═════ GIVEN INFORMATION ═════

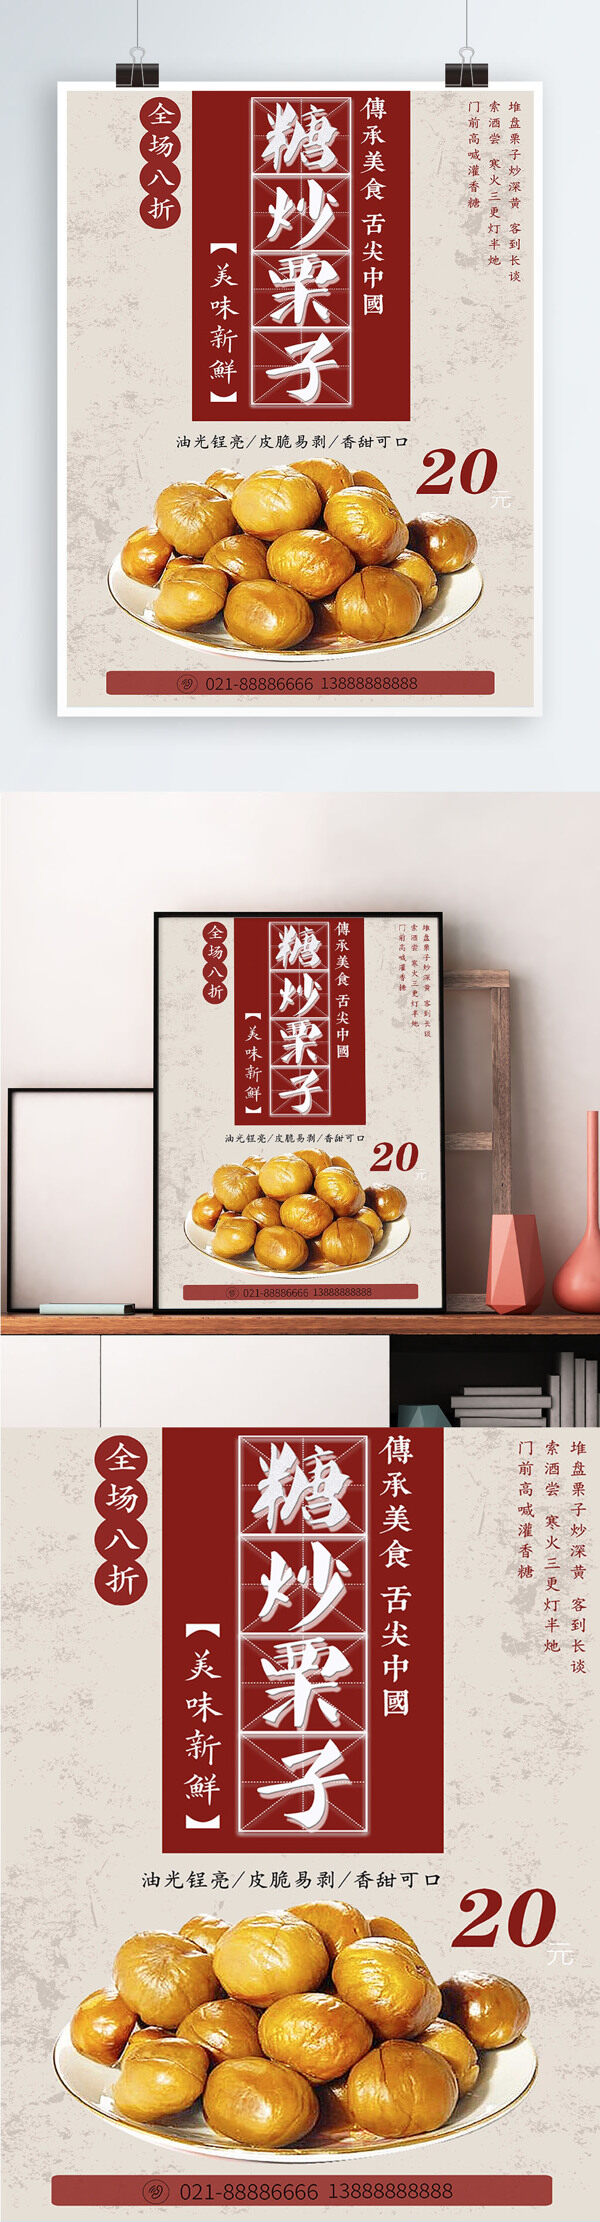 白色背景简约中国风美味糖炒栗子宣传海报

═════
═════ GIVEN INFORMATION ═════

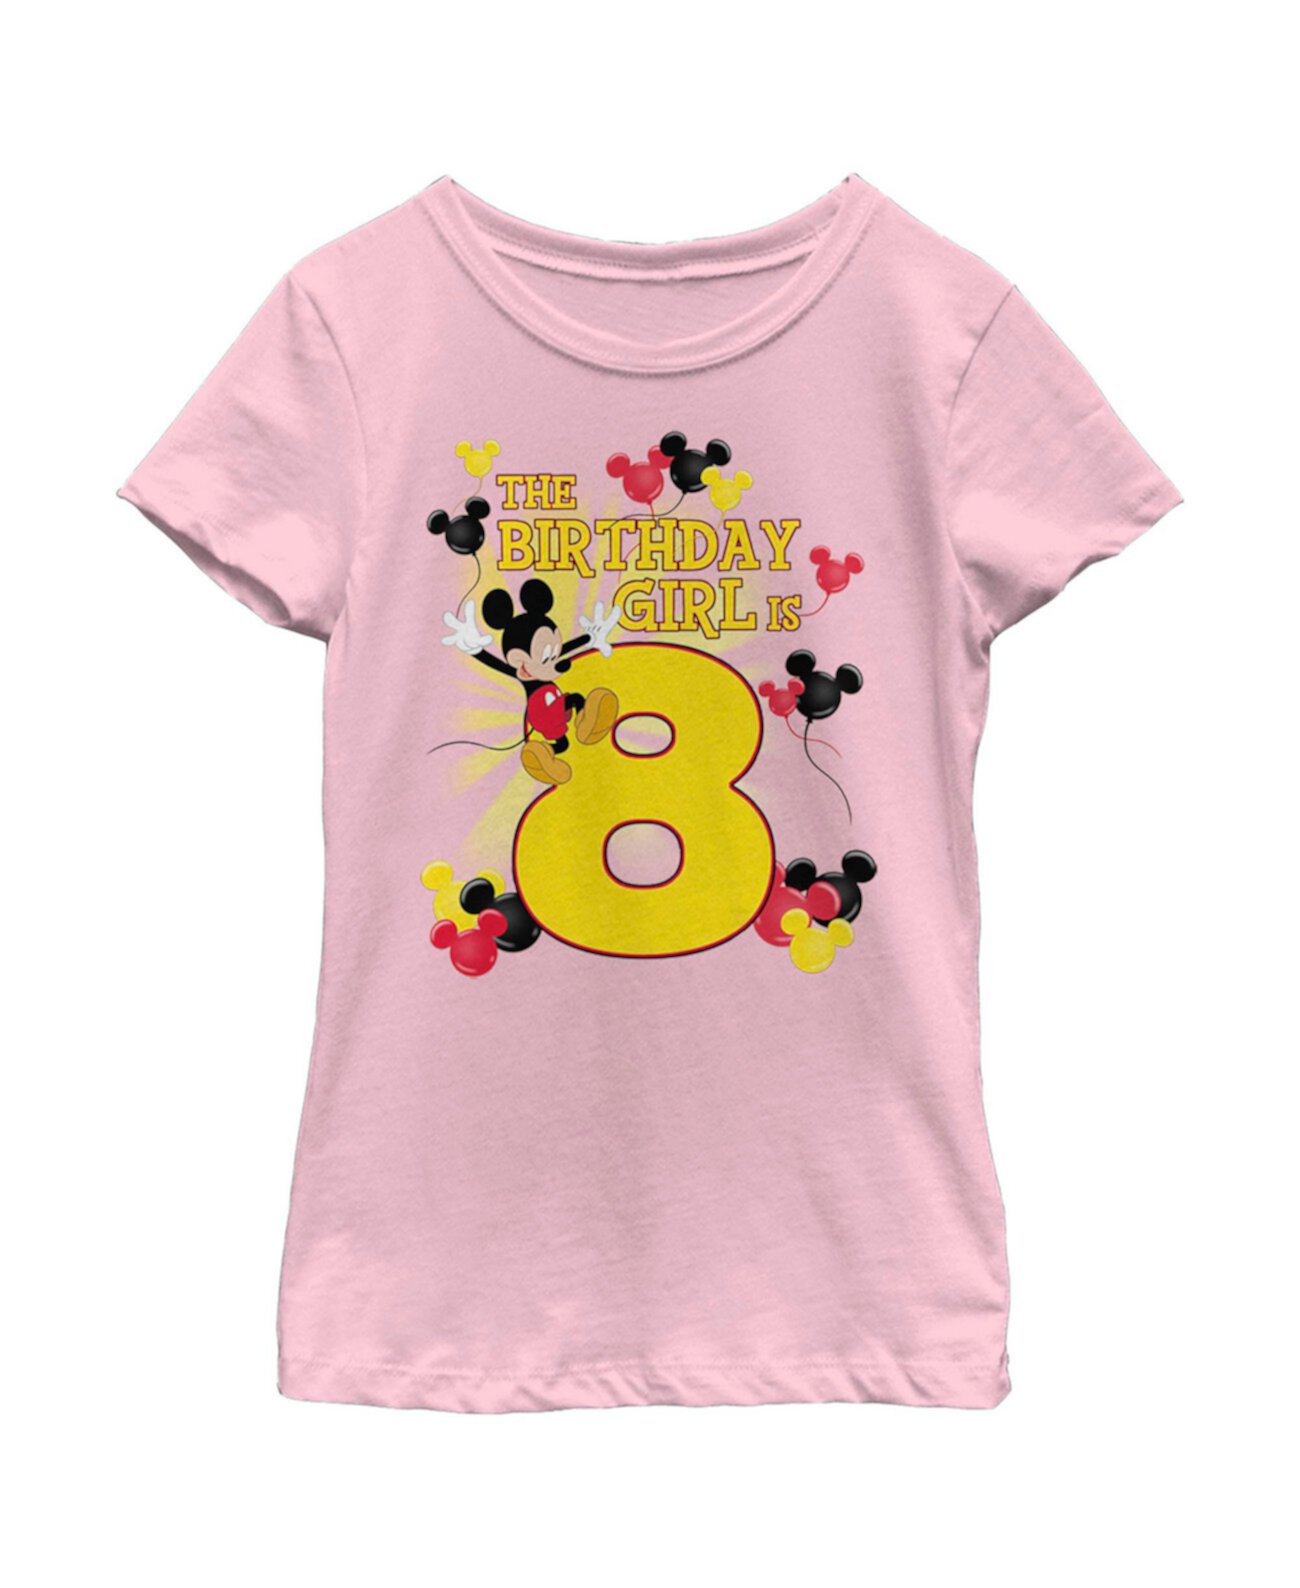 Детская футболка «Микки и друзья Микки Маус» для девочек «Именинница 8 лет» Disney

═════
═════ GIVEN INFORMATION ═════

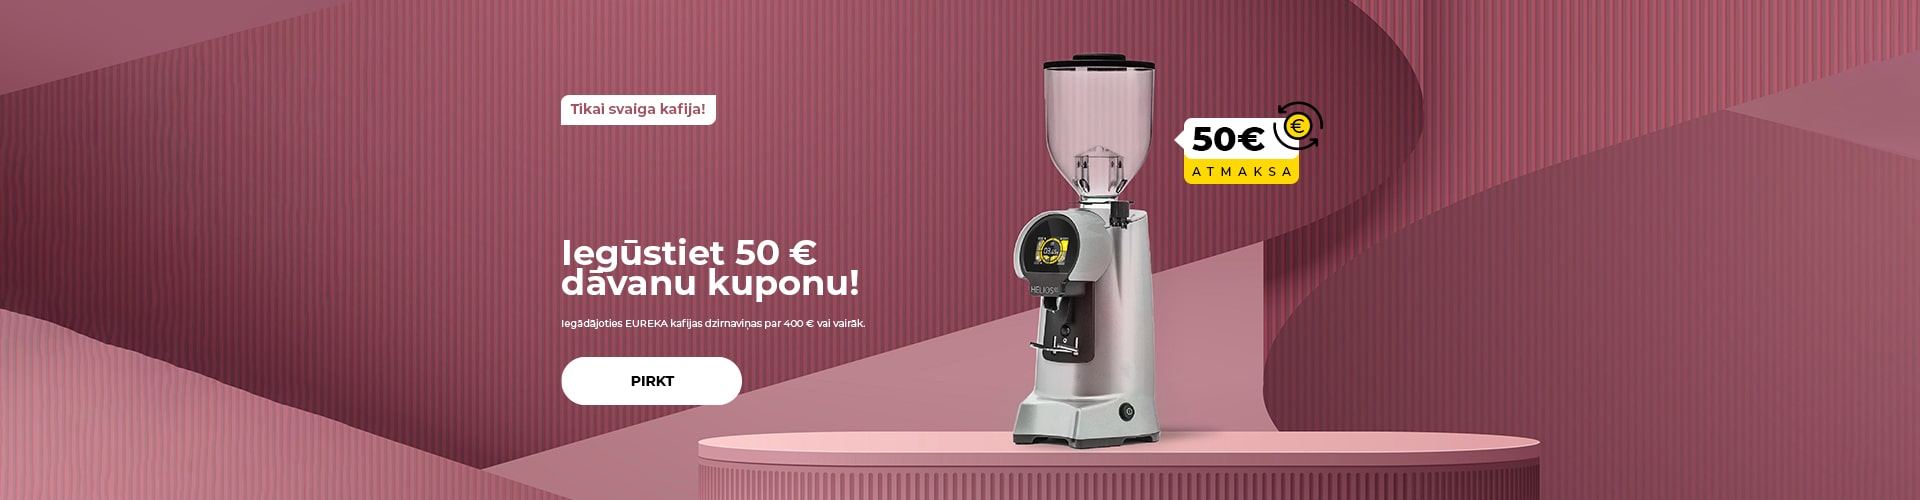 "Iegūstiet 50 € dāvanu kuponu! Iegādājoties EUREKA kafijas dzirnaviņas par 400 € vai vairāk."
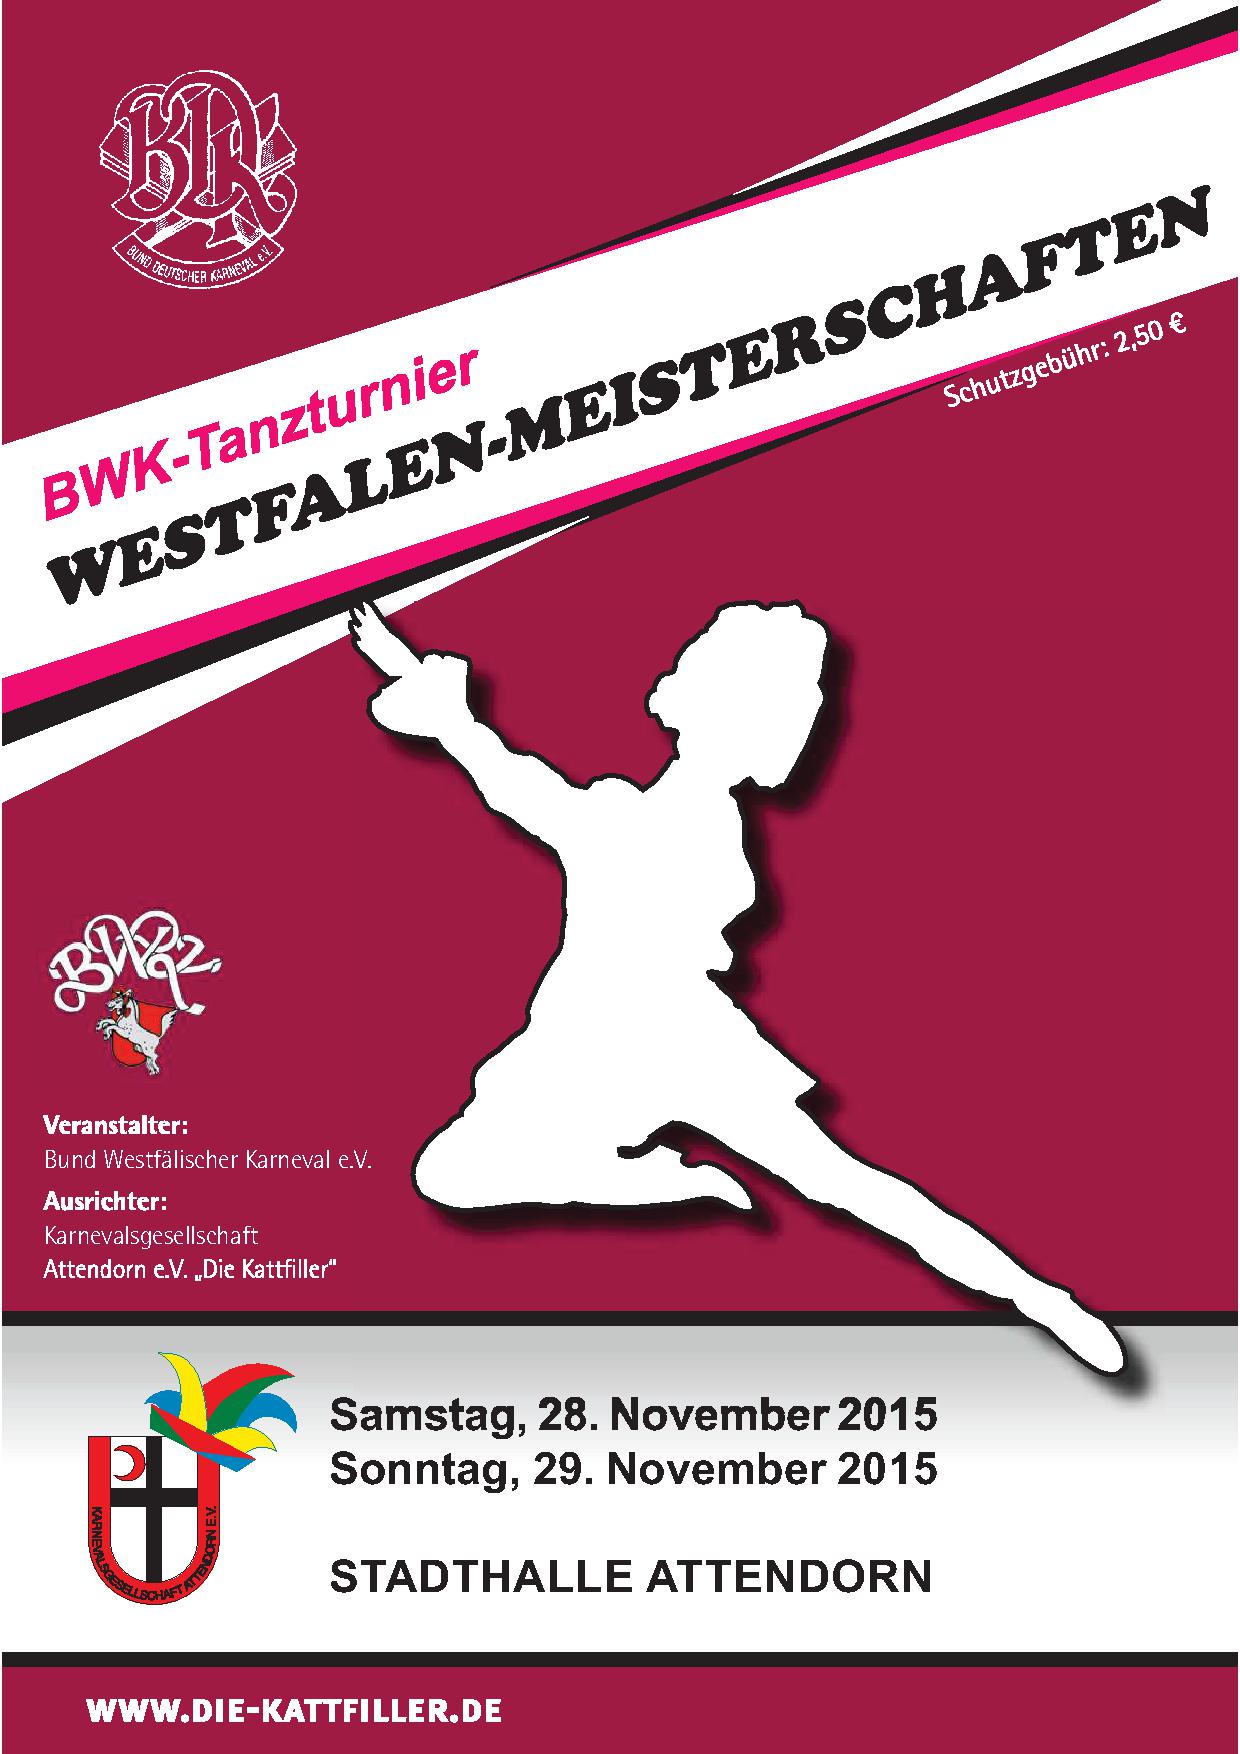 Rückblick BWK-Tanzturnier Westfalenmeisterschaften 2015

═════

:: WHAT THE TASK REQUIRES ::
From the records above, transcribe exactly the lines starting at the one containing "50 € dāvanu" and ending at the one containing "Rückblick BWK-Tanzturnier Westfalenmeisterschaften". Skip the pictures.

:: WRITTEN ANSWER ::
 "Iegūstiet 50 € dāvanu kuponu! Iegādājoties EUREKA kafijas dzirnaviņas par 400 € vai vairāk."
 Rückblick BWK-Tanzturnier Westfalenmeisterschaften 2015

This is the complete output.